Stability AI has been operating without the support of a tech giant. After raising $101 million from venture capitalists in 2022, it needed more funds last fall but was struggling to show investors that it could sell its technology to businesses, said two former employees, who declined to speak publicly because they were not authorized to do so. It raised $50 million from Intel late last year but still faced financial pressure, they said.
As the startup grew, its sales strategy shifted, these people said. At the same time, it was spending millions a month on computing costs. Some investors pressured Mostaque to resign, according to an investor, who declined to speak publicly about a personnel issue. Last month, after his resignation, Stability AI did layoffs and restructured its business to put the company on “a more sustainable path,” according to a company memo reviewed by The New York Times.
Stability AI declined to comment. Mostaque declined to discuss his exit.
Inflection AI, a chatbot startup founded by three AI veterans, had raised $1.5 billion from some of the biggest names in tech. But a year after introducing its AI personal assistant, it had almost no revenue, according to one investor. The Times reviewed a letter that Inflection had sent to investors saying additional fundraising was “not the best use of our investors’ money, especially in the context of the current frothy AI market.”
In late March, it folded its original business and largely disappeared into Microsoft, the world’s most valuable public company.

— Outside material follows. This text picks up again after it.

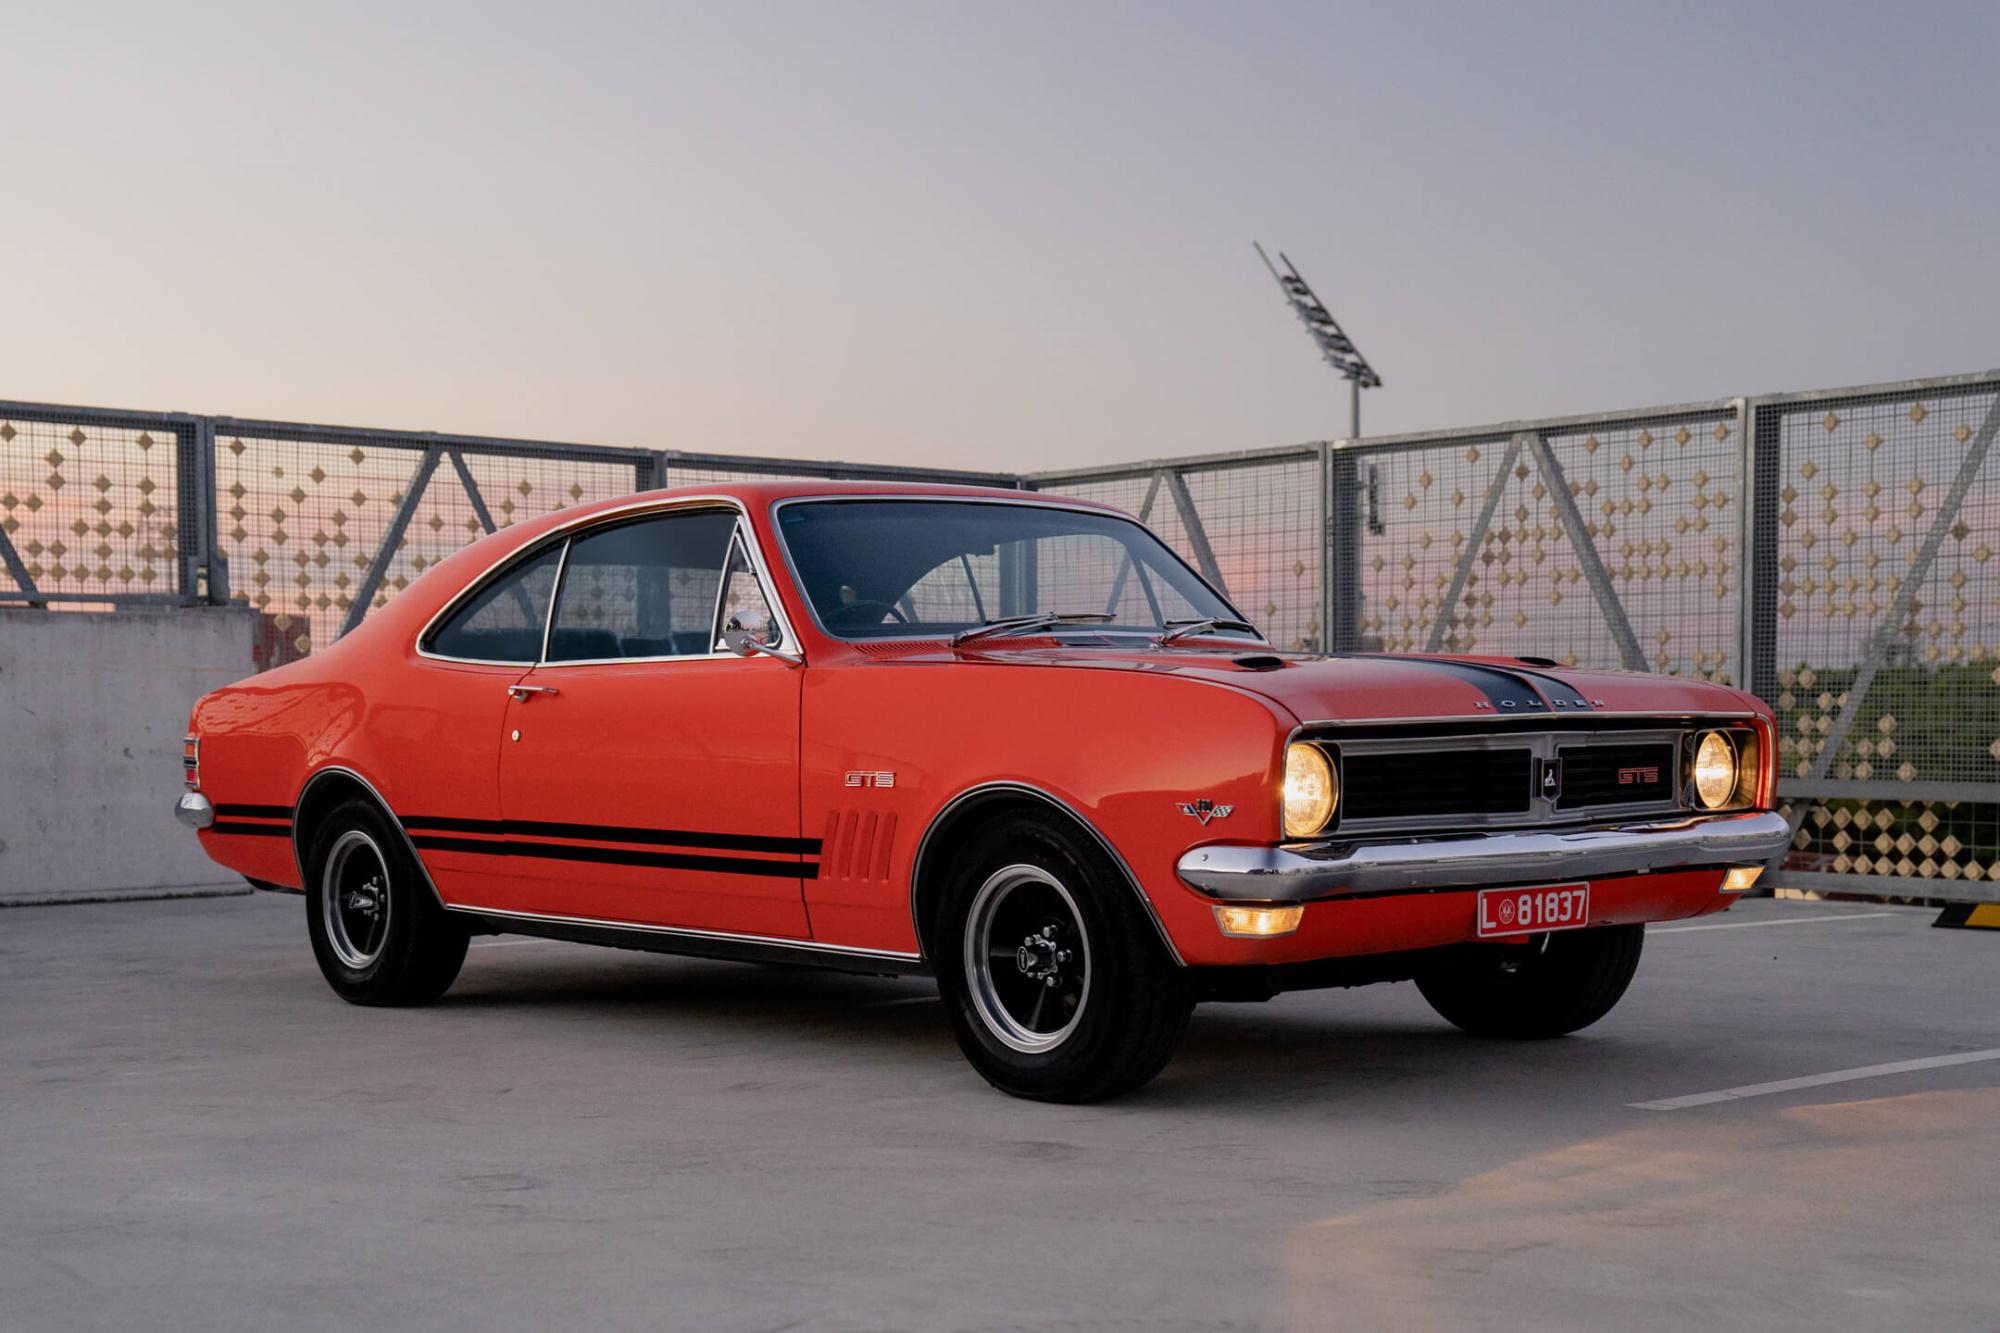 Win a 1969 Holden HT Monaro

Microsoft also helped fund Inflection AI, whose CEO, Mustafa Suleyman, rose to prominence as one of the founders of DeepMind, a seminal artificial intelligence lab that Google acquired in 2014. Suleyman founded Inflection AI alongside Karén Simonyan, a key DeepMind researcher, and Reid Hoffman, a leading Silicon Valley venture capitalist who helped found OpenAI and is on Microsoft’s board.
Microsoft and Inflection AI declined to comment.
The company was steeped in talented AI researchers who had worked at places such as Google and OpenAI.
But almost a year after releasing its AI personal assistant, Inflection AI’s revenue was, in the words of one investor, “de minimis.” Essentially zilch. It could not continue to improve its technologies and keep pace with chatbots from the likes of Google and OpenAI unless it continued to raise huge sums of money.
Now Microsoft is swallowing most of its staff, including Suleyman and Simonyan.
This is costing Microsoft more than $650 million. But unlike Inflection AI, it can afford to play the long game. It has announced plans for the staff to build an AI lab in London, working with the kind of systems the startups are hoping will break through.